Some types of mulch just won’t stay put; gravel and stones creep onto lawns; light husks like Cocoa hulls can easily blow away; and small bark chips can wash away in heavy rain. It will be necessary to edge some beds and pathways to prevent this. Generally mulches with heavy or large pieces are more likely to stay put.
Apart from a few plants that don’t like mulch, such as the bearded iris, whose rhizomes actually need to bake in the sun, mulching will encourage the garden to thrive and help to conserve precious water.
Biodegradable mulches break down gradually to release nutrients into the soil and help improve its structure. Layers will only need only replacing when the material has fully rotted down. Among the best materials are; leaf mould, compost, well-rotted manure, bark chips, nut husks, and even pine or other cones. If you live in a rural area you may be lucky enough to be able to procure straw based mulches, or spent hops (poisonous if eaten by dogs), lucerne, cane type mulches, or even seaweed and sea shells. Plant based mulches like straw are most economical and are usually available by the bale, or chopped and bagged for ease of handling and a neater look in the garden. Cube type mulches like palm peat are also great to use in small areas and for potted plants. When water is applied to them, they swell out considerably and are light and long lasting. Palm peat is also a good soil conditioner and can be worked through the soil.

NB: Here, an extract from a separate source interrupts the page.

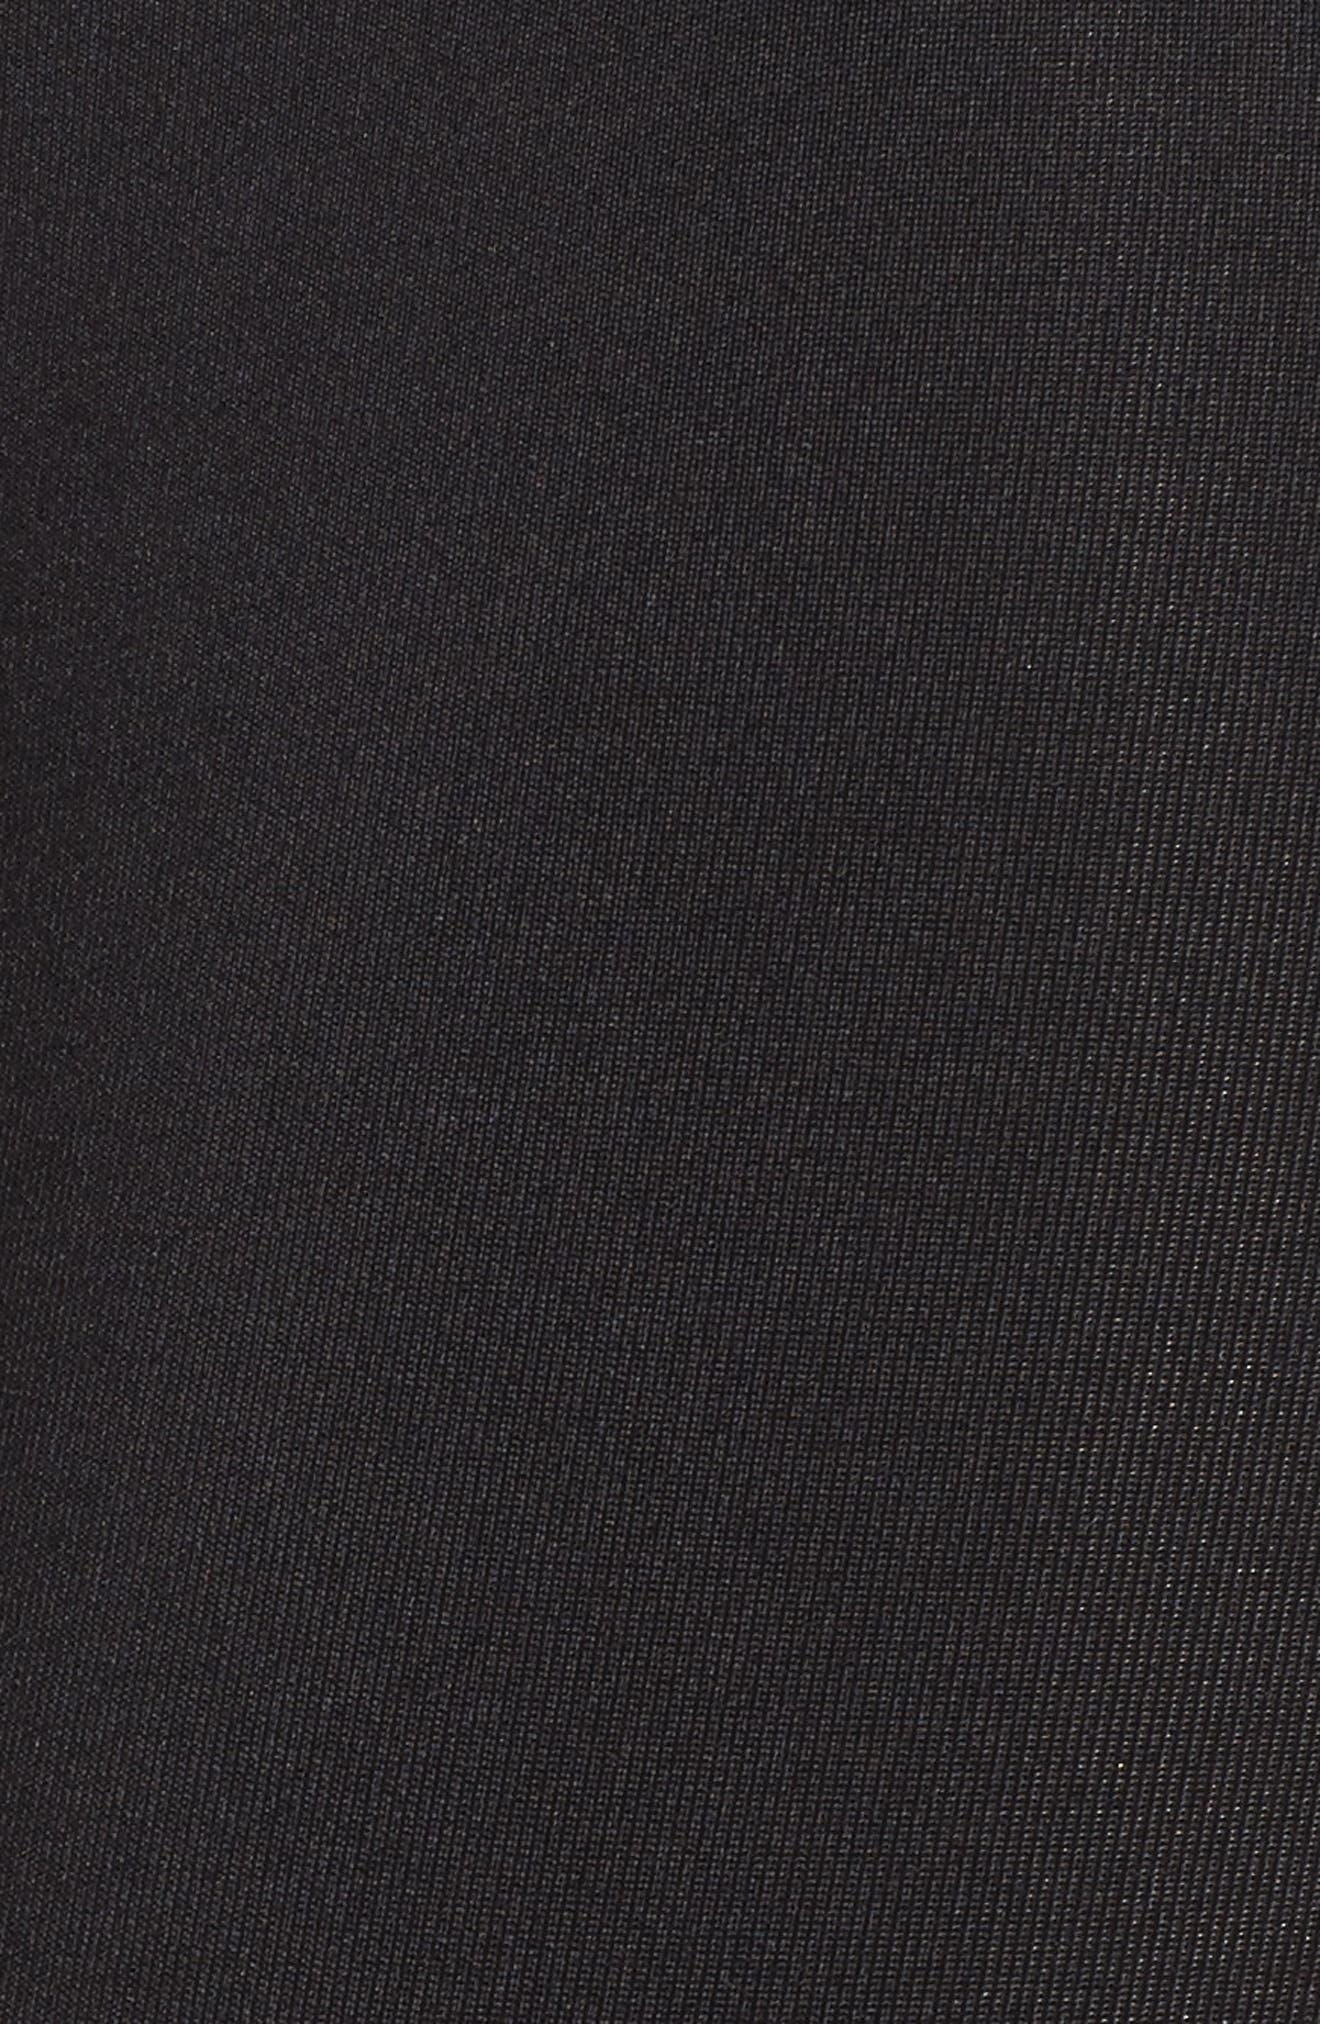 Grand Leggings,                             Alternate thumbnail 6, color,                             Black/ Aurum

Bark and nut-shell based mulches are great organic choices and freely available from garden centres and some hardware stores. Macadamia, pecan nut, and peanut shells look stunning in the garden. Milled bark is also most attractive, and available in various grades, from fine through medium, and coarse. An advantage of bark and nut shell based mulches is they take longer to break down, so you don’t have to apply them as often.
Non-biodegradable mulches don’t break down to boost the fertility or structure of the soil; but they will suppress weeds, conserve moisture; and are almost maintenance free. Beautiful finishes and textures can also be achieved, depending on the medium used. These types of mulches are perfect to use in areas like pathways, near patios, water features, swimming pools and entranceways, where their beauty can be admired. There are so many decorative aggregates to choose from; like tumbled glass in an array of wonderful colours, river pebbles in all sizes and shades, slate, shingle; and even gravel. These materials can also be used in containers; and if you love to re-cycle, even crushed CDs can be used on the surface of containers.
If using non-biodegradable mulches in the garden, bear in mind that they are not easy to clean and cannot be raked, so try not to use them underneath trees which drop their leaves or near other shrubs which are messy, dropping their flower or fruits. The answer for such areas would be to invest in a garden blower to do the job.
In conclusion, if done correctly, mulching your garden will not only beautify it, but also greatly improve your soil, reduce soil erosion and the need to weed; and save you a fortune on water bills. Mulching can be done at any time, but is usually done in spring or autumn, so if you have not done so yet, get mulching!